In reality, only small portions of the document are placed into the context window at any given time. Other parts may be stored in systems like vector databases, and pieces are retrieved when they appear relevant to your prompt. From the user’s perspective, it can look like the model is analysing the entire document, but it is often operating on selected fragments.
OpenAI offers a rare glimpse into how this works. In its documentation for ChatGPT Enterprise, it explains that if a single document exceeds 110k tokens, only the first 110k are included in the context window. If multiple documents are uploaded and their combined total exceeds that limit, tokens are divided among them using a proportional allocation strategy. Anything left over is sent to a search index and retrieved only when it appears relevant to your prompt.
Put all of this together on a real subscription tier and the maths gets uncomfortable. Hidden instructions, memory, a document, and a couple of exchanges can fill a 32k context window (such as ChatGPT’s Go and Plus tier) before the conversation really starts. Once that happens, compaction kicks in, and the data the model is operating on is no longer what you originally provided.
Reasoning tokens
Another complication comes from reasoning tokens. Some models generate internal reasoning steps while producing an answer. These intermediate tokens can temporarily consume space in the context window as the model works through a problem. OpenAI notes that depending on the problem’s complexity, models may generate anywhere from a few hundred to tens of thousands of reasoning tokens, and that it is important to ensure there is enough space in the context window to accommodate them.
Exactly how providers manage these tokens, especially as they approach the limits of the context window, is not well documented. For example, if reasoning tokens temporarily consume space while you are reaching the limit of the context window, does a compaction operation occur? I do not know.
So where does that leave us?
Four years after the rapid global adoption of these systems, there is still very limited transparency from providers about how they operate under the hood.

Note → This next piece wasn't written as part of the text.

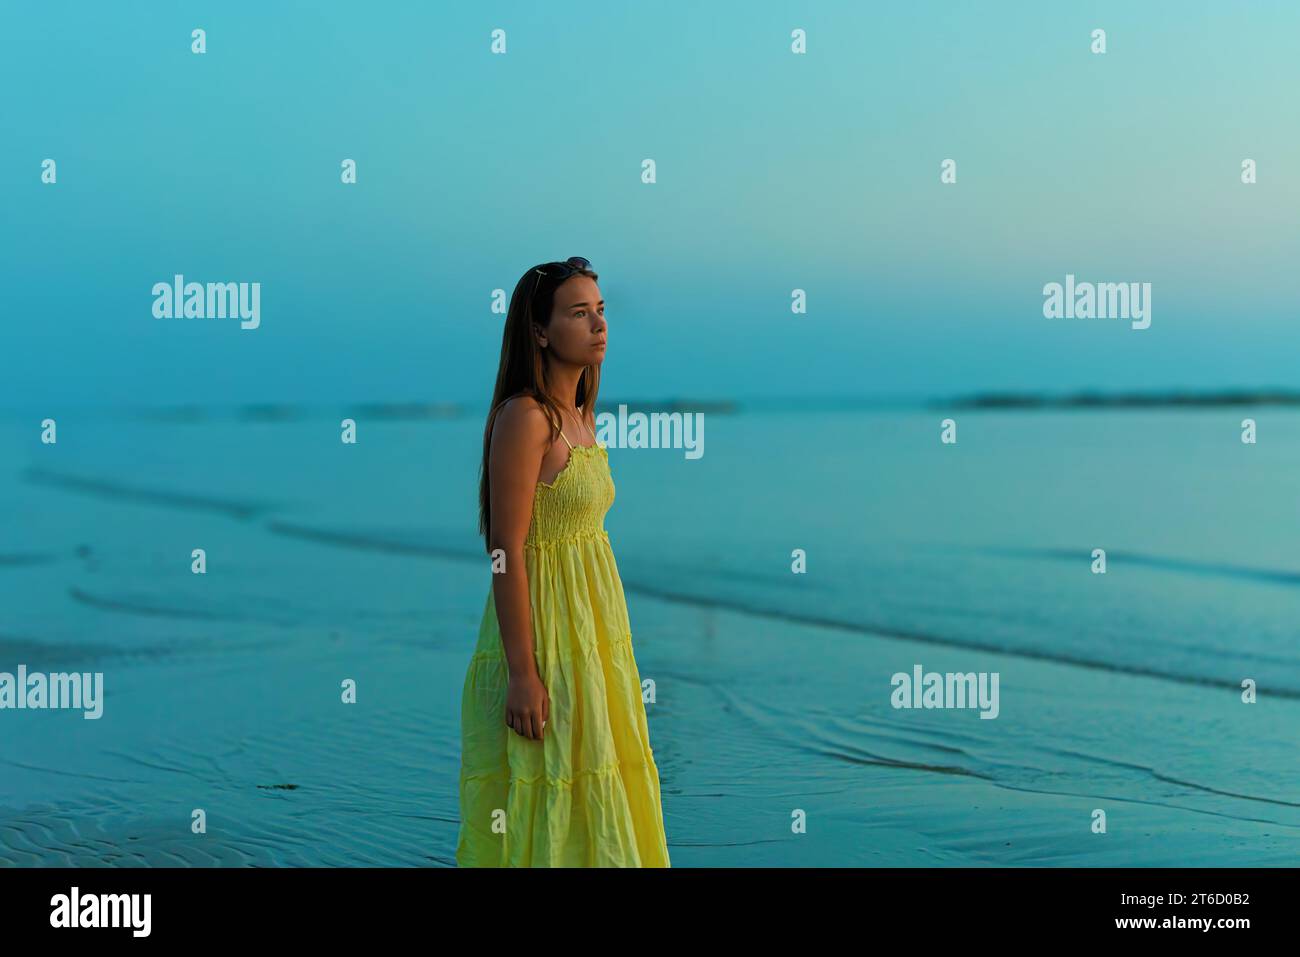 Una giovane donna con un vestito giallo, che guarda con ansia l'alba, cammina lungo la spiaggia. Foto Stock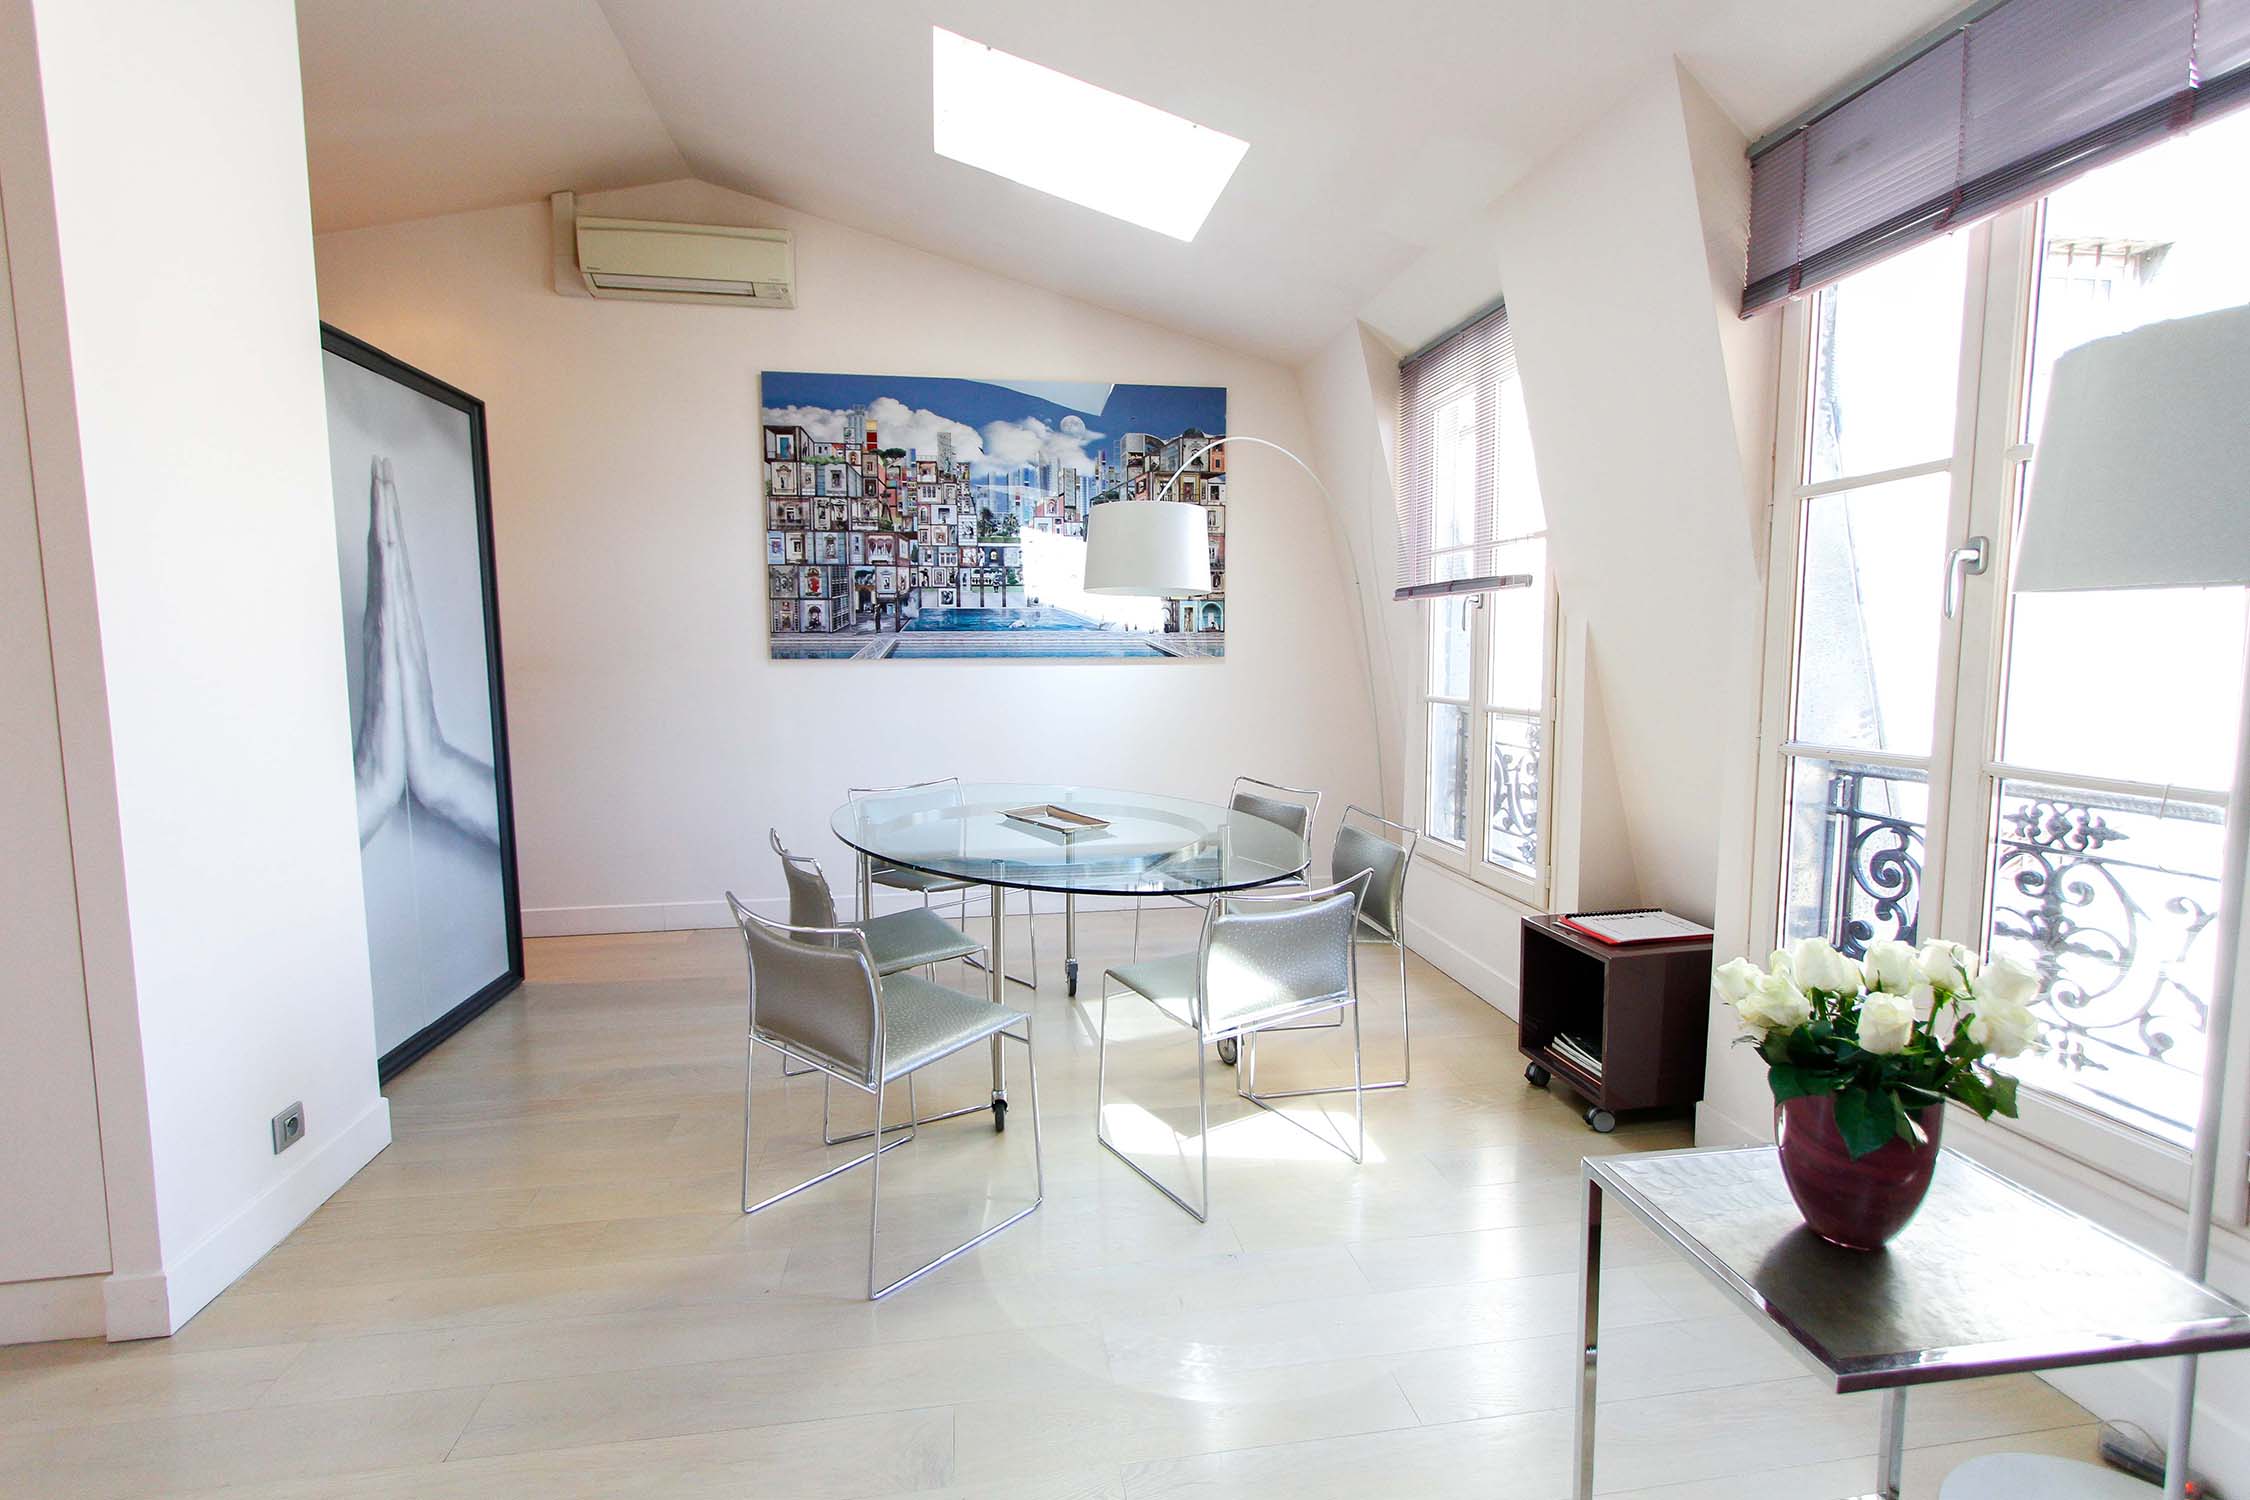 vente appartement duplex dernier étage Paris 6ème 75006 Saint Germain terrasse Rooftop Vue dégagée luxe parisien

This is surprising, because many of these companies publicly advocate for responsible AI use.
Yet to this day, there is still no clear user manual explaining how these systems manage context, memory, or internal reasoning. And when you ask support teams for clarification, the answer is often the same:
Sorry, we cannot share that information because it is proprietary.
Which raises an important question. If society is expected to use these systems responsibly, shouldn’t we also be given a clearer understanding of how they actually work?